This “Shrine of the Sun” has radically pushed back the origins of civilisation to remoter levels of time and space, because mainstream palaeo-anthropologists, fixated on Europe and the Near East, are resistant to the very notion of mankind’s transition from ‘savagery’ in Indonesia. Yet, it is precisely here that Stephen Oppenheimer, a British geneticist, member of Green Templeton College, Oxford, and an honorary fellow of Liverpool School of Tropical Medicine, traced the beginnings of civilised mankind with his controversial Eden in the East, in 1999.9 It had been preceded during the previous century by The Lost Continent of Mu, written by another Englishman, James Churchward, an Imperial British Army colonel serving in India, where his translation of original Hindu monastery source materials likewise recorded how humans took that first step in the Western Pacific realm.10 My own The Lost Civilization of Lemuria (2006) and Before Atlantis (2013) similarly trace the rise of homo erectus in Java, his Pacific-wide dispersal and accelerated evolution after the eruption of history’s greatest volcanic event, and his descendants’ subsequent invention of civilisation.

These conclusions are wonderfully brought to life by recognition of Gunung Padang as Man’s earliest-known megalithic complex.
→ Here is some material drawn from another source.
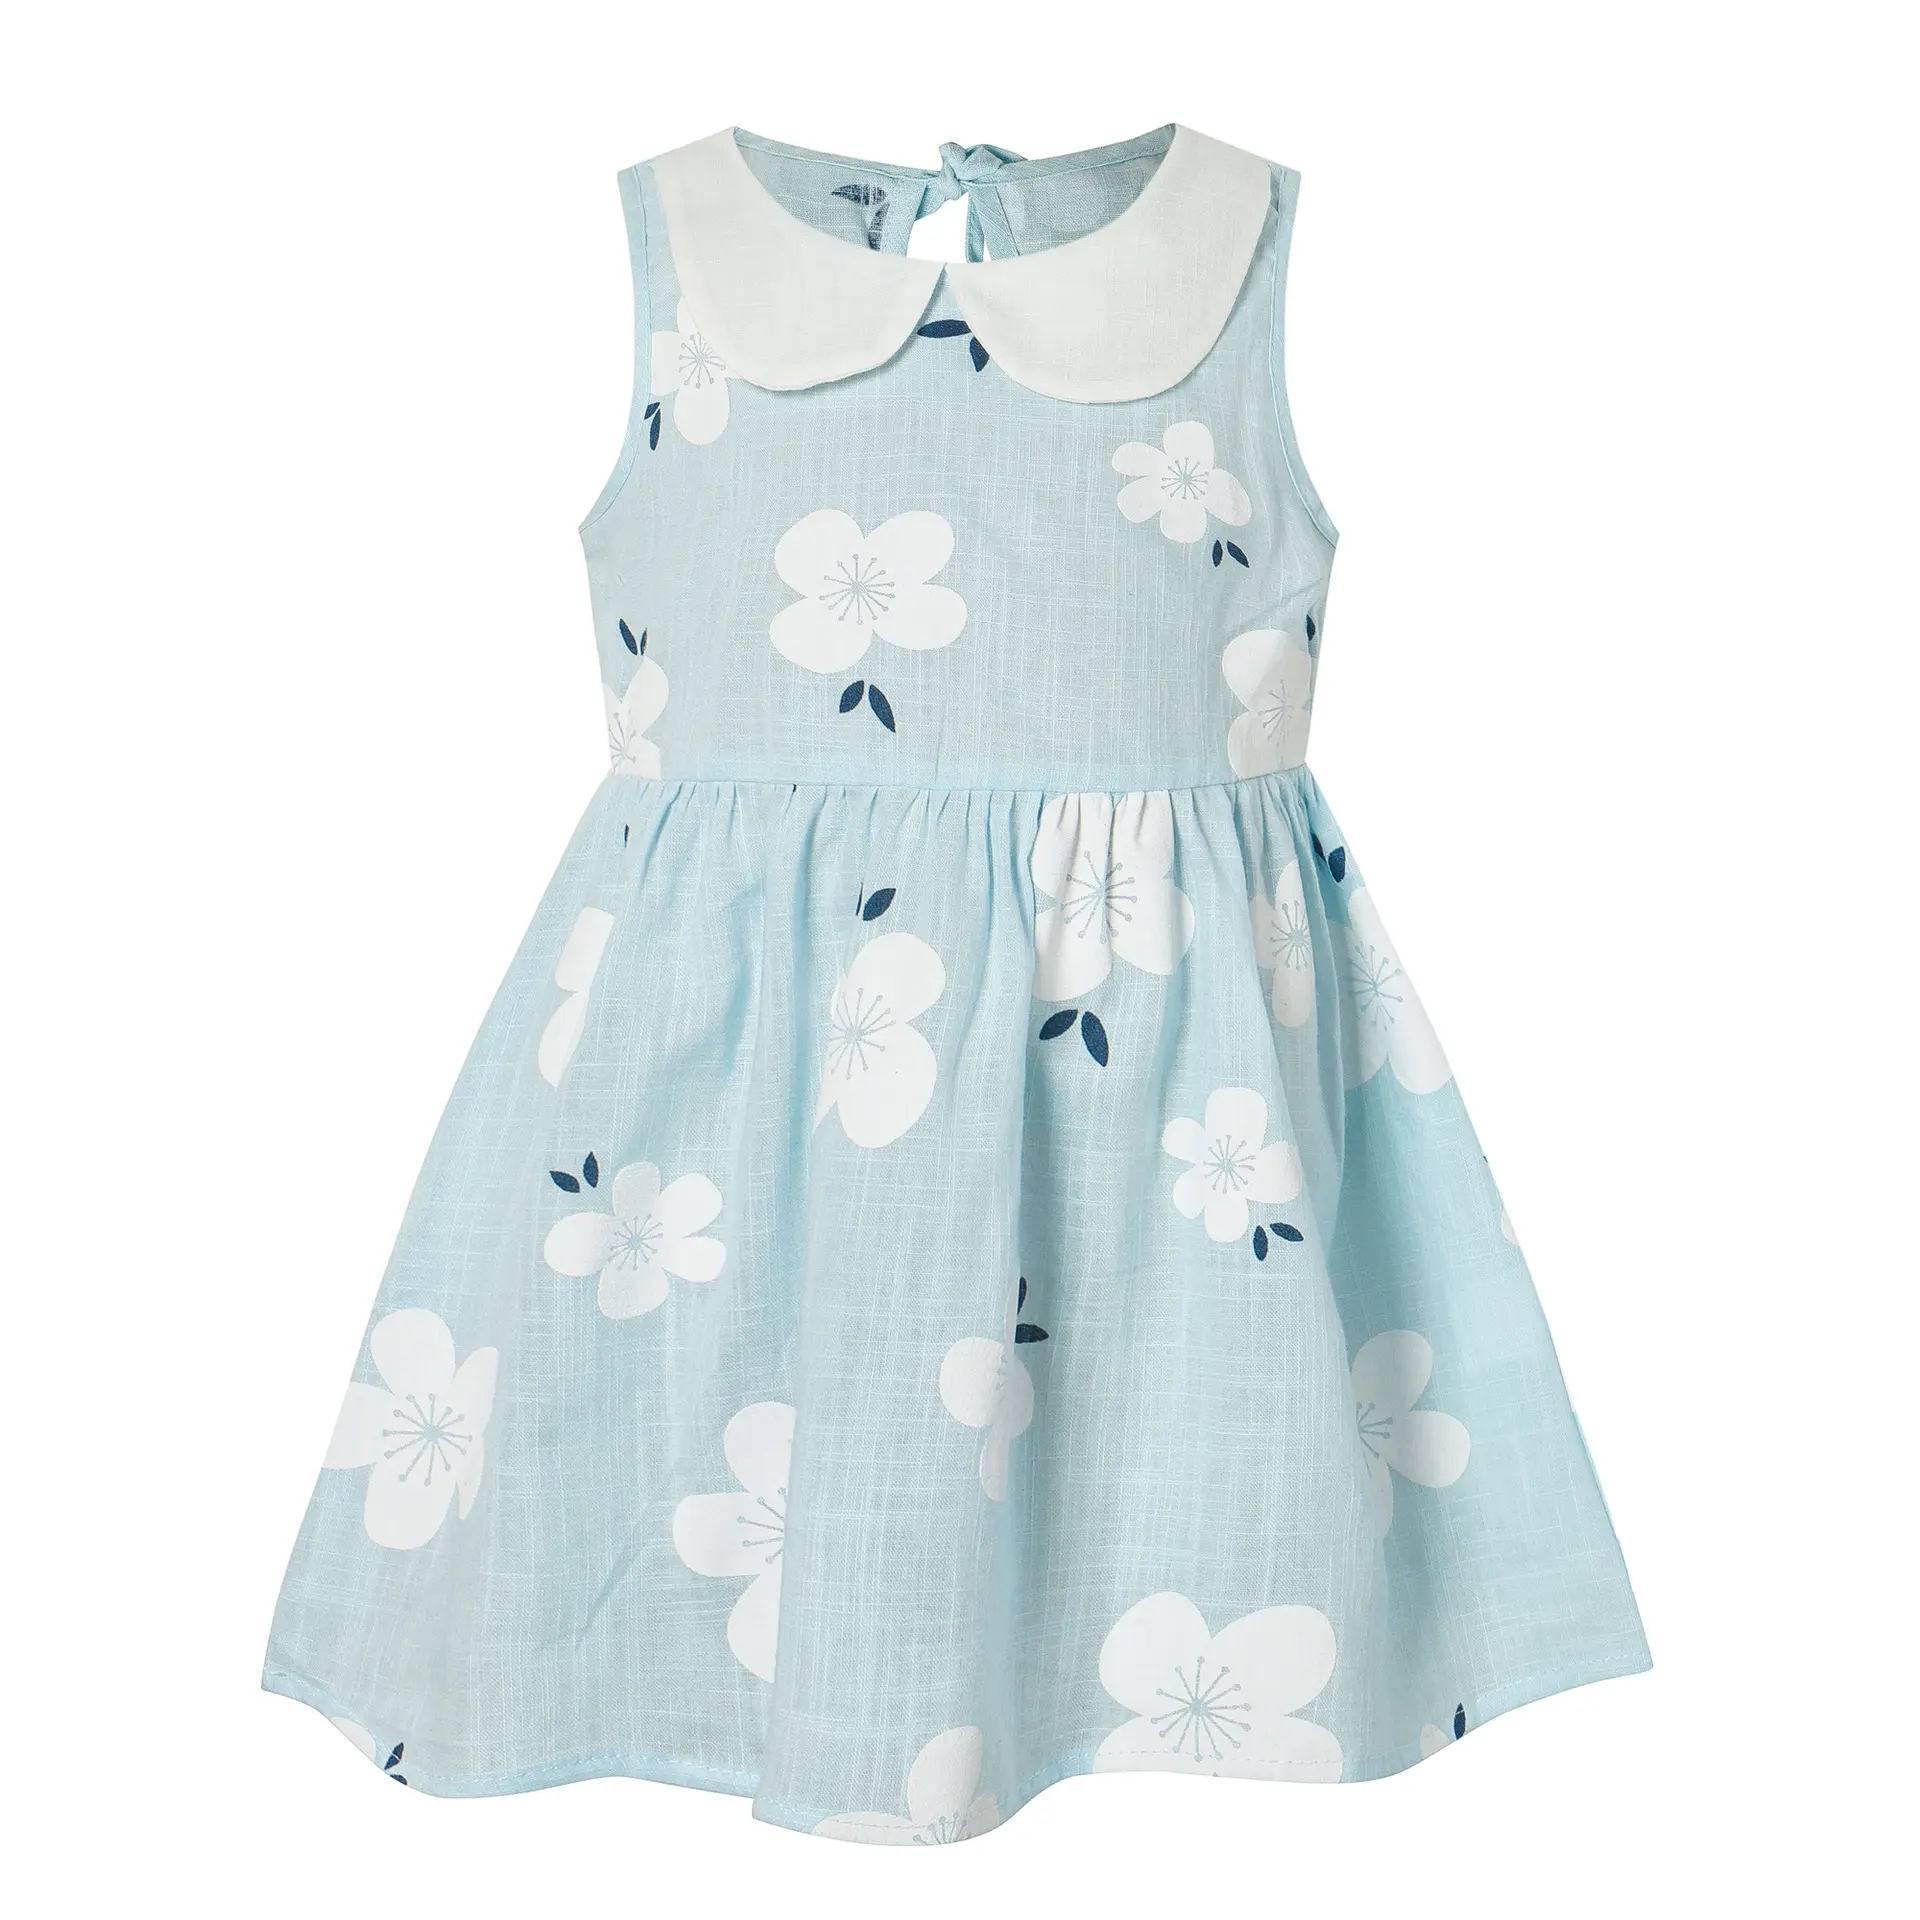 छोटे MOQ को सपोर्ट करें कस्टम छोटे आकार के बच्चों के लिए प्रिंटेड स्लीवलेस ड्रेस गर्ल फ्रॉक डिज़ाइन बच्चों के लिए सनफ्लावर फैंसी ड्रेस

Its apparent sophistication declares that it was not the first, but must have been preceded by the construction of even earlier ceremonial centres. Civilisation is, therefore, older than we presently comprehend. If, however, the quest for its ultimate origins goes on, and deeper into the past than ever imagined, then at the very least, Gunung Padang is pointing us in their proper direction.

You can read more about ancient civilisations, including articles on an ancient pan-Pacific civilisation and Turkey’s Gobekli Tepe, in New Dawn Special Issue Vol 7 No 1.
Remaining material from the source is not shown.